On an image, the bright signal intensity allows to easily locate the ventricular wall (Fig 1B: B-Mode) while no clear signal can be obtained for the 2 other parts of the heart: the atrium and the bulbus atrium. Thus, a scan line is drawn from the external part of the ventricle wall to the external part of the opposite side of the ventricle wall to obtain the motion of the ventricle overtime (Fig 1C: M-Mode). On the M-Mode, the movement of the ventricle wall allows to assess heart rate and the dilated (DD) and contracted (CD) diameters of the ventricle wall (Fig 1D). The fractional shortening can be calculated from these two diameters using the formula: [(DD-CD)/DD]x100 [4].

 

This protocol has been used to assess cardiac function of healthy adult zebrafish and zebrafish with heart failure generated by chronic anemia. Significant differences were detected using this coronary ultrasound imaging system such as an enlargement of the ventricle diameter (+27 %), a decrease in heart rate (-11%) and in fractional shortening (-24%) in the heart failure model.

 

These results indicate that this miniaturized ultrasound catheter is well-adapted to rapidly, conveniently and non-invasively image the ventricle of the adult zebrafish heart. Furthermore, it is suitable to detect ventricular parameter changes especially in longitudinal studies. Thus, a new technique for non-invasive imaging of the ventricle of adult zebrafish is now available for research labs.
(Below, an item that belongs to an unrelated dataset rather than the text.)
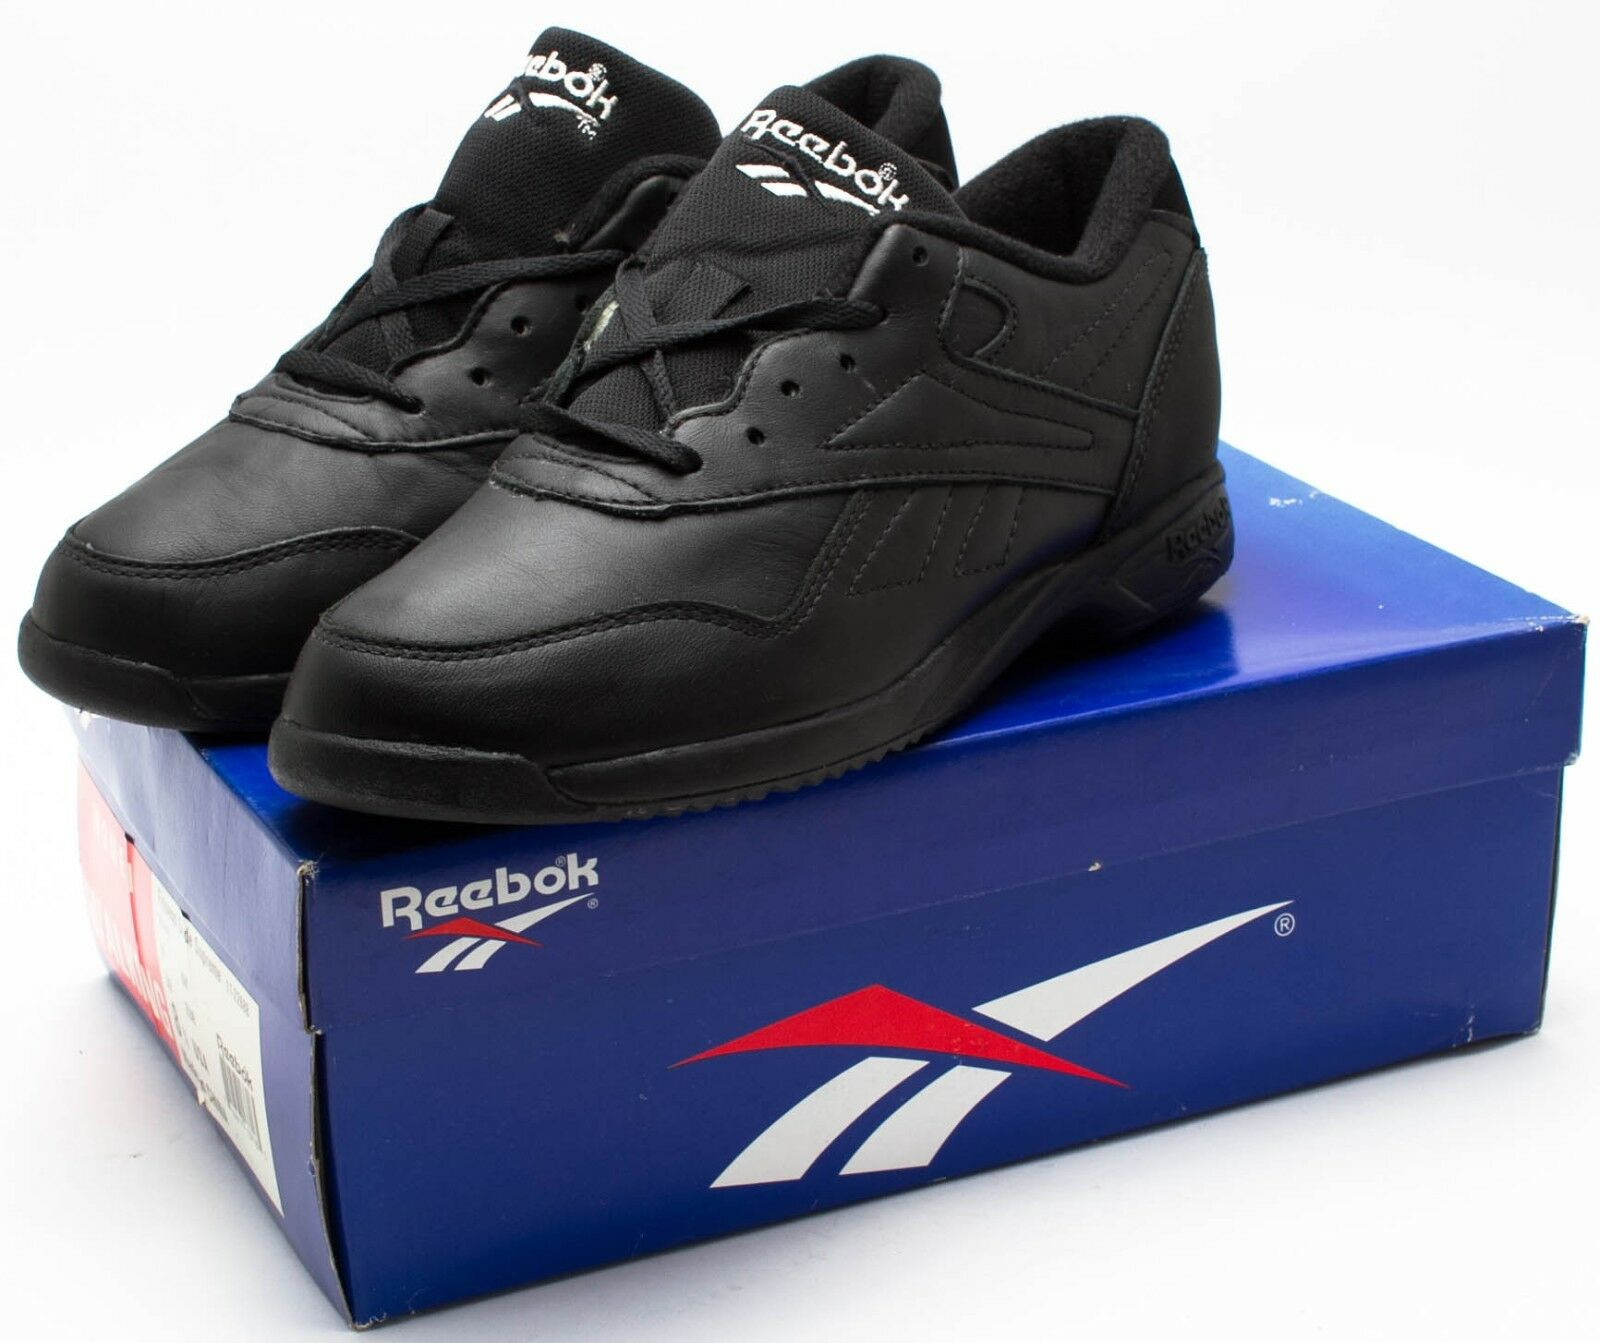 Reebok Damen VINTAGE 1990s OG Fitness Glide Supreme Schuhe 11-22688 weiß sz.8.5

This will foster research projects dedicated to study cardiac disease in zebrafish.

 

 

Figure 1. Non-invasive imaging of the ventricle of adult zebrafish using a miniaturized ultrasound catheter (A) Positioning of the microprobe on the thorax of the fish kept in a damp sponge. (B) Representative picture of a B-Mode ultrasound image showing the ventricle wall and the scan line to obtain the M-Mode. (C) Representative picture of the time motion on the M-Mode. (D) Zoom on the M-Mode to determine the dilated (DD) and contracted diameters (CD) of the ventricle to calculate the fractional shortening.

 

References

1. Poon, K.L. and T. Brand, The zebrafish model system in cardiovascular research: A tiny fish with mighty prospects. Glob Cardiol Sci Pract, 2013(1): p. 9-28.
2. Dahme, T., H.A. Katus, and W. Rottbauer, Fishing for the genetic basis of cardiovascular disease. Dis Model Mech, 2009. 2(1-2): p. 18-22.
3. Huang, C.C., et al., Zebrafish heart failure models for the evaluation of chemical probes and drugs. Assay Drug Dev Technol, 2013. 11(9-10): p. 561-72.
4. Shin, J.T., et al., High-resolution cardiovascular function confirms functional orthology of myocardial contractility pathways in zebrafish. Physiol Genomics, 2010. 42(2): p. 300-9.